_INFORMATION SHOWN_:
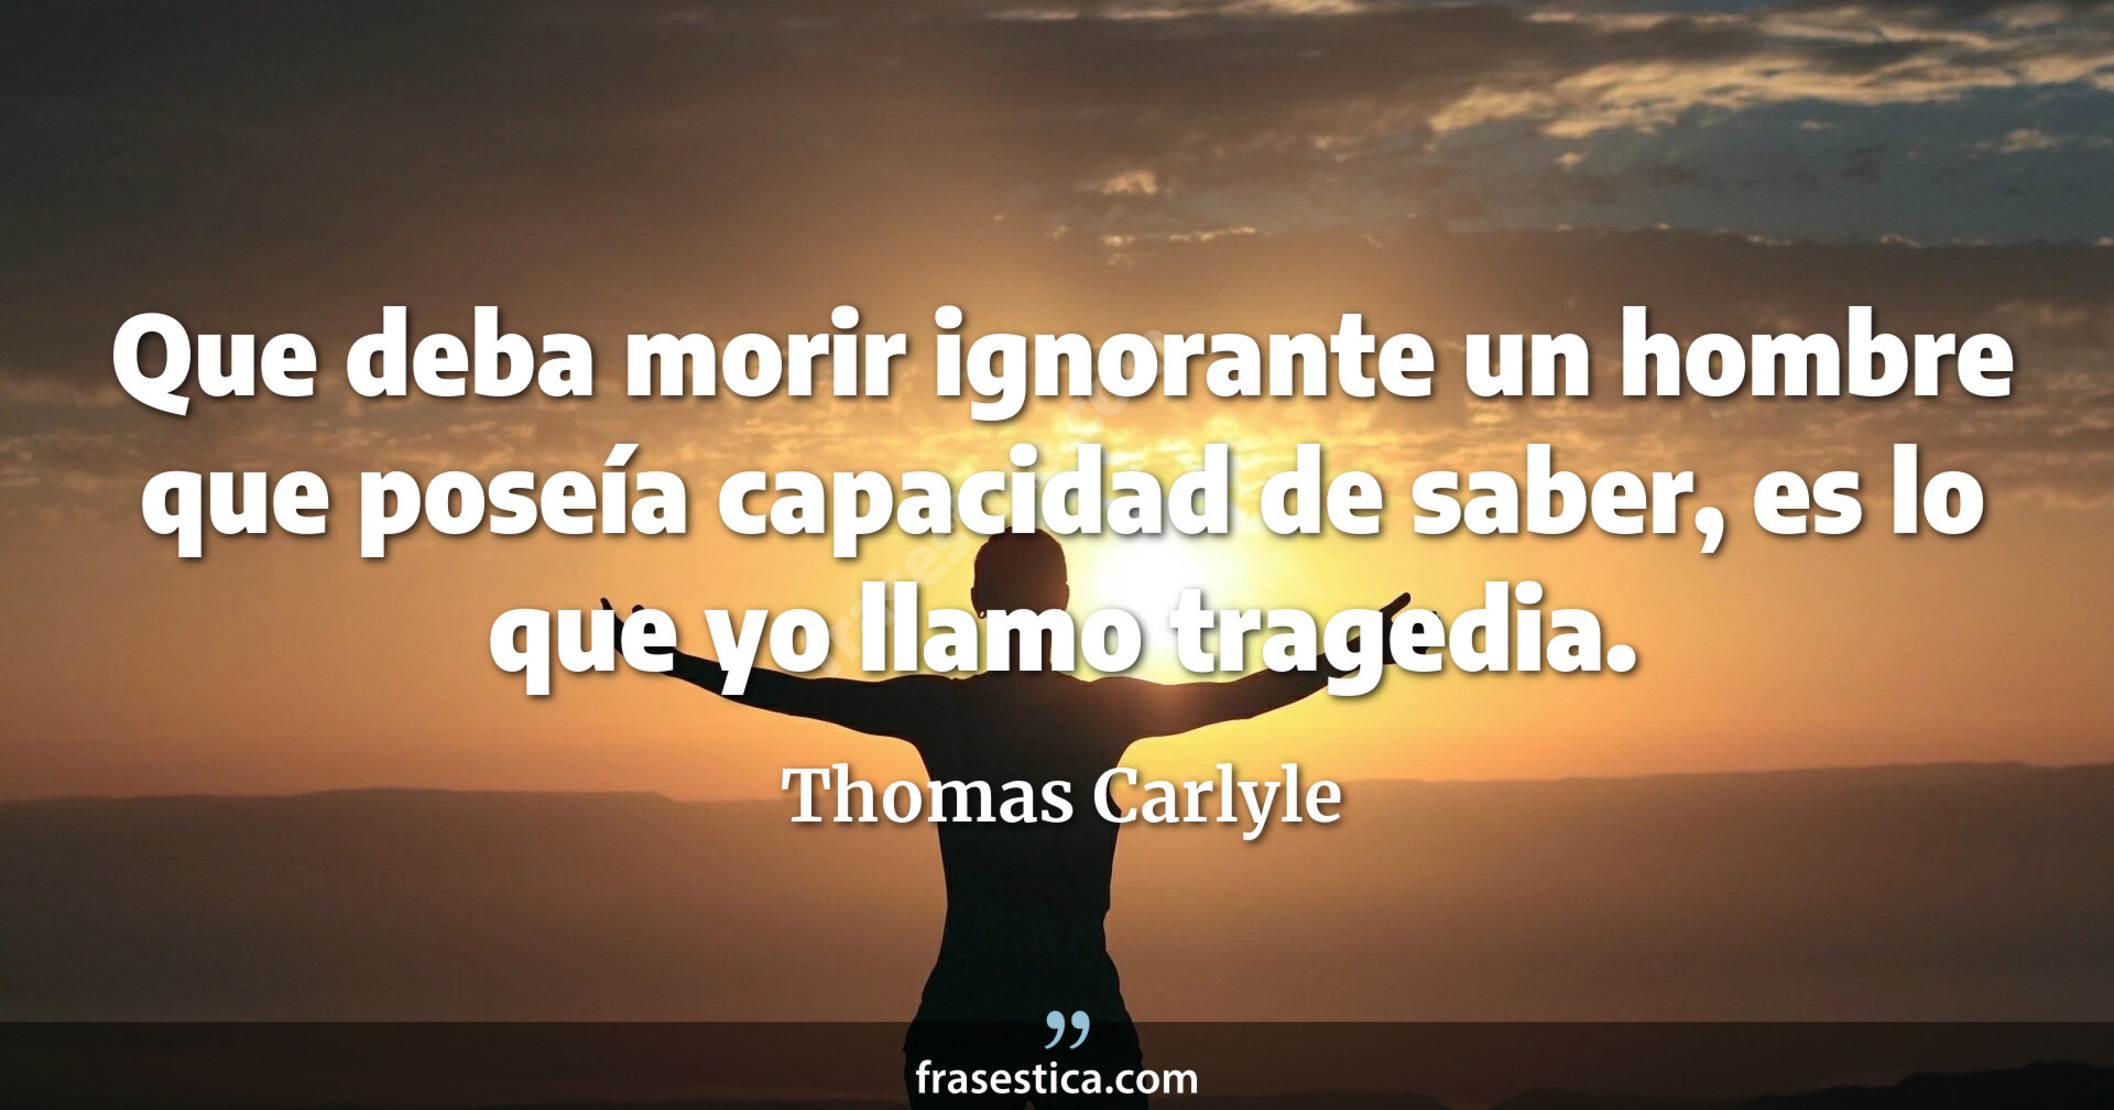 Que deba morir ignorante un hombre que poseía capacidad de saber, es lo que yo llamo tragedia. - Thomas Carlyle
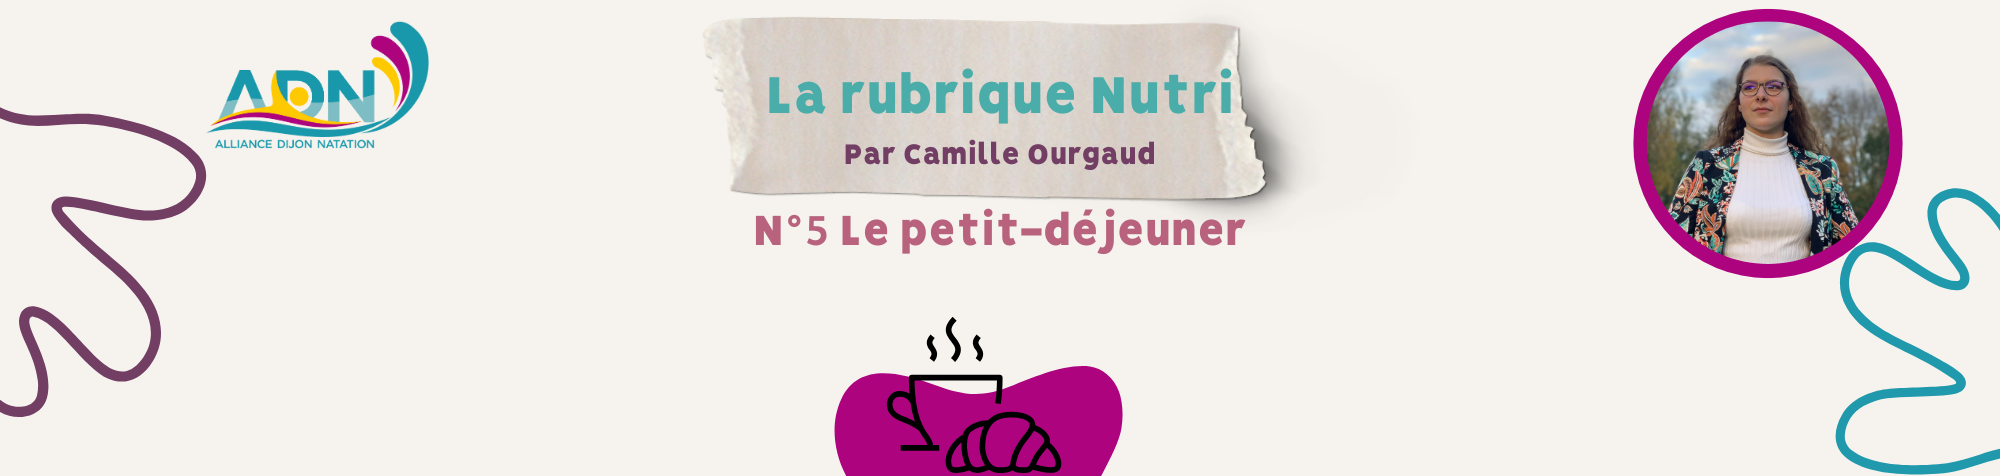 Rubrique nutri 5 site
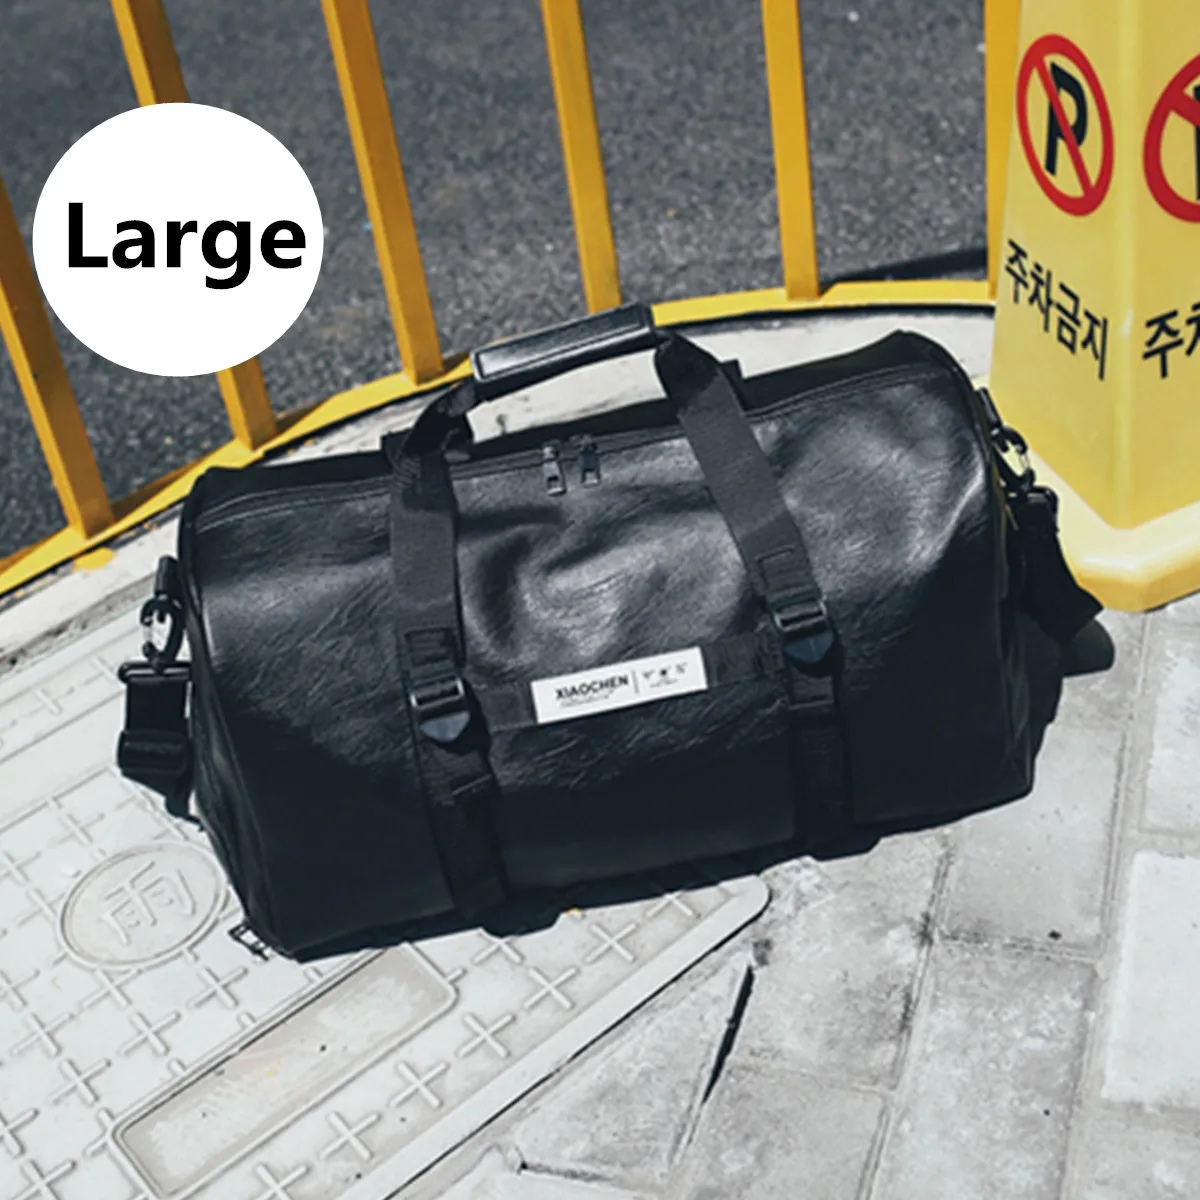 Дорожная сумка с карманами для обуви из искусственной кожи, Большая вместительная сумка, черный багаж для мужчин и женщин, спортивная сумка, посылка, черная сумка - Цвет: Large
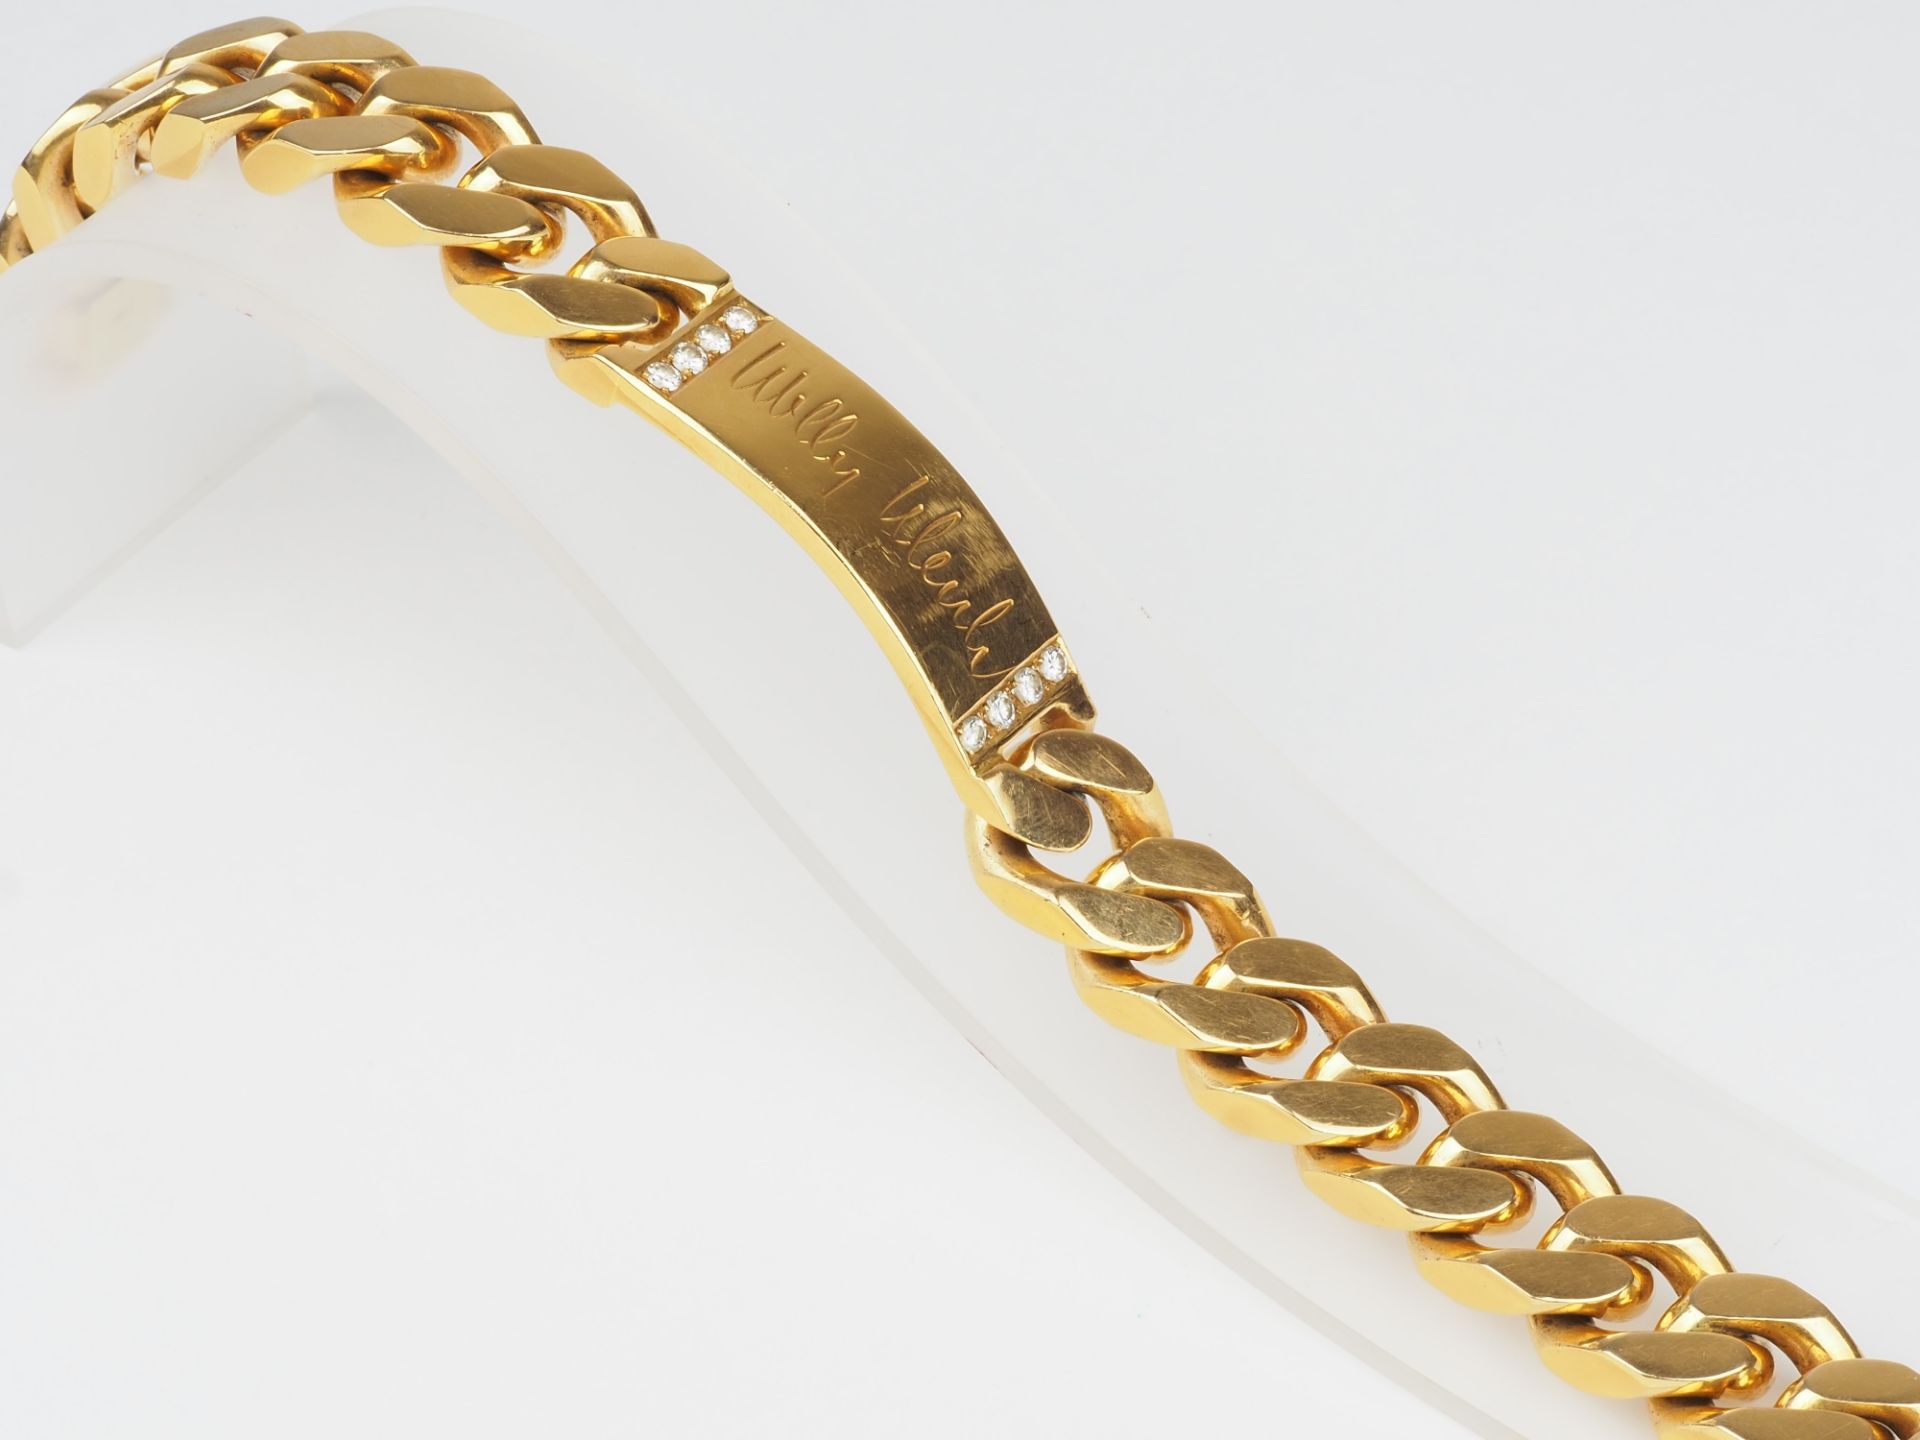 Massives 18kt Gold Armband, Panzerkette mit Monogrammfeld und Diamanten - Bild 4 aus 4

_WORK TASK_:
The data is to be returned exactly as it stands, pictures aside.

_THE COMPLETED TASK_:
 Que deba morir ignorante un hombre que poseía capacidad de saber, es lo que yo llamo tragedia. - Thomas Carlyle
 Rubrique nutri 5 site
 Дорожная сумка с карманами для обуви из искусственной кожи, Большая вместительная сумка, черный багаж для мужчин и женщин, спортивная сумка, посылка, черная сумка - Цвет: Large
 Massives 18kt Gold Armband, Panzerkette mit Monogrammfeld und Diamanten - Bild 4 aus 4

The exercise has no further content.